World’s most powerful MRI unveiled

1 November 2021
MRI pumpkin
In season On account of its multiple textures and resemblance to brain tissue, a pumpkin was the natural choice to showcase MRI’s capabilities at 11.7 T. Credit: CEA

A 132 tonne superconducting magnet has set a new record for whole-body magnetic-resonance imaging (MRI), producing a field of 11.7 T inside a 0.9 m diameter and 5 m long volume. Four-times more powerful than typical hospital devices, the “Iseult” project at CEA-Paris-Saclay paves the way for imaging the brain in unprecedented detail for medical research.

Using a pumpkin as a suitably brain-like subject, the team released its first images on 7 October, validating the system and demonstrating an initial resolution of 400 microns in three dimensions. Other checks and approvals are necessary before the first imaging of human volunteers can begin.

This work will undoubtedly lead to major clinical applications

Stanislas Dehaene

“Thanks to this extraordinary MRI, our researchers are looking forward to studying the anatomical and structural organization of the brain in greater detail. This work will undoubtedly lead to major clinical applications,” said Stanislas Dehaene, director of NeuroSpin, the neuroimaging platform at CEA-Paris-Saclay.

The magnets that drive tens of thousands of MRI devices worldwide perform the vital task of aligning the magnetic moments of hydrogen atoms.Then, RF pulses are used to momentarily disturb this order in a specific region, after which the atoms are pulled back into equilibrium by the magnetic field, and radiate. The stronger the field, the higher the signal-to-noise ratio, and thus better image resolution.


In addition to being the largest and most powerful MRI magnet ever built, claims the team, the Iseult solenoid (carrying a current of 1.5 kA) also sets a record for the highest ever field achieved using niobium-titanium conductor, the same as is used in the present LHC magnets. With various optimisations, and working with the European Union Aroma project on methodologies for optimal functioning of the new MRI device, a resolution approaching 100 to 200 microns is planned, around ten times higher than commercial 3T devices.

Designed and built over ten years, Iseult was jointly led by neuroscientists and magnet and MRI specialists at the CEA Institute of Research into the Fundamental Laws of the Universe (IRFU) and the Frédéric Joliot Institute for Life Sciences, along with several industry and academic partnerships in Germany.

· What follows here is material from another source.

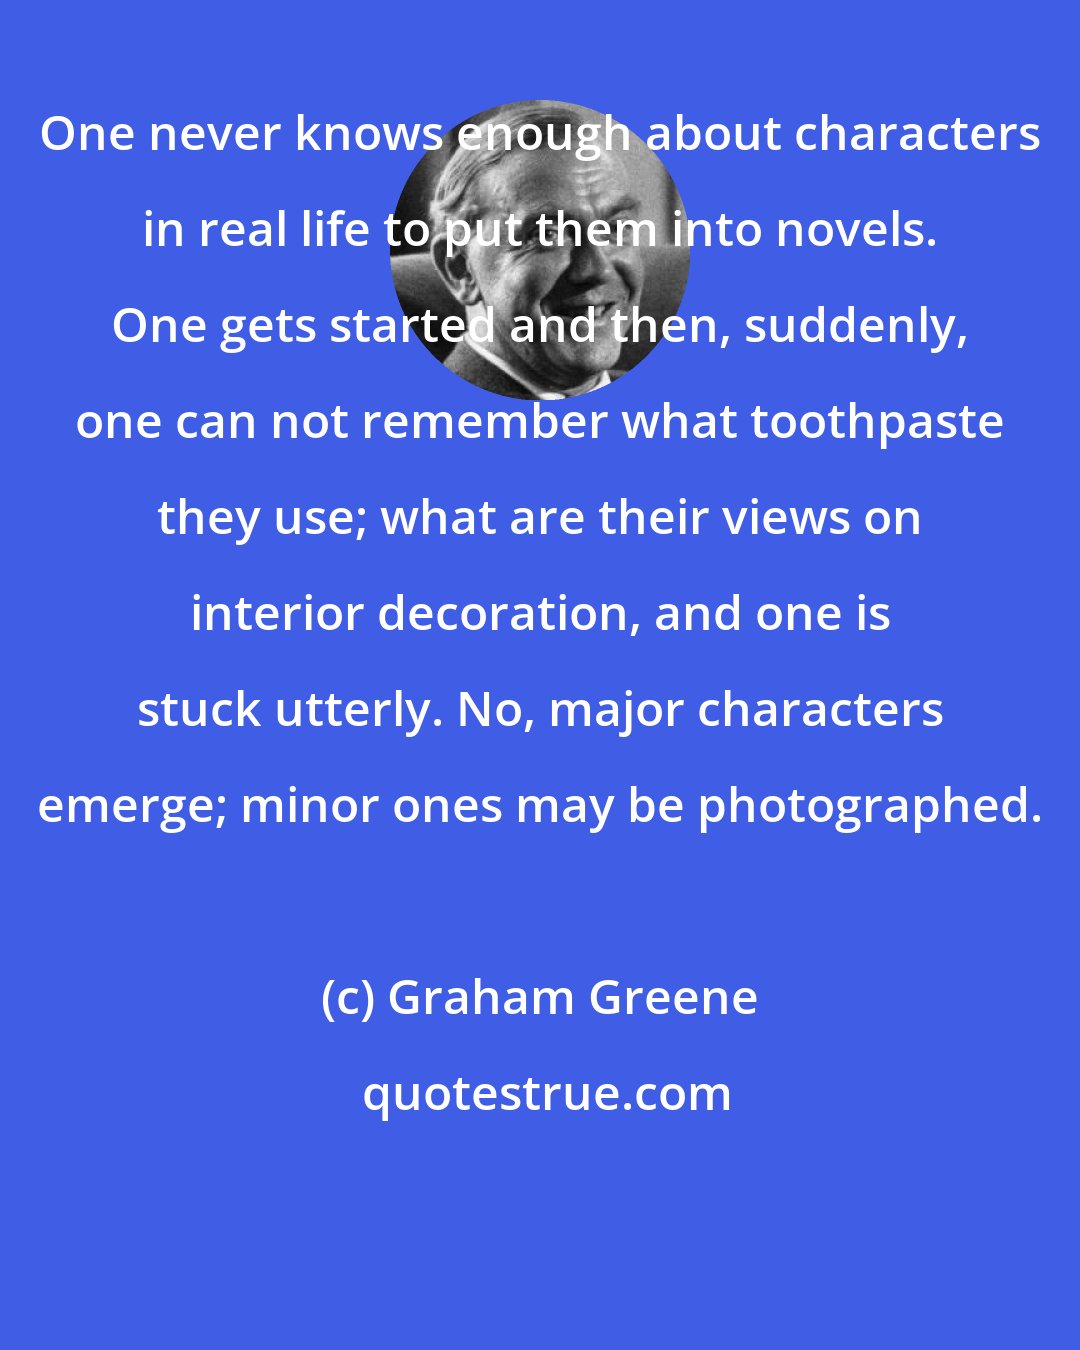 Graham Greene: One never knows enough about characters in real life to put them into novels. One gets started and then, suddenly, one can not remember what toothpaste they use; what are their views on interior decoration, and one is stuck utterly. No, major characters emerge; minor ones may be photographed.

Although CERN was not directly involved, Iseult’s success is anchored in more than four decades of joined developments between CERN and the CEA, explains Anne-Isabelle Etienvre, head of CEA IRFU:

“It is thanks to the know-how developed for particle physics and fusion that MRI experts had the idea to ask us to design and build this unique and challenging magnet for MRI — in particular, CEA has played a major role, together with CERN and other partners, on LHC magnets, the ATLAS toroidal magnets and the CMS solenoid,” says Etienvre. “The collaboration between CEA and CERN is still very lively, in particular for advanced magnets for future accelerators.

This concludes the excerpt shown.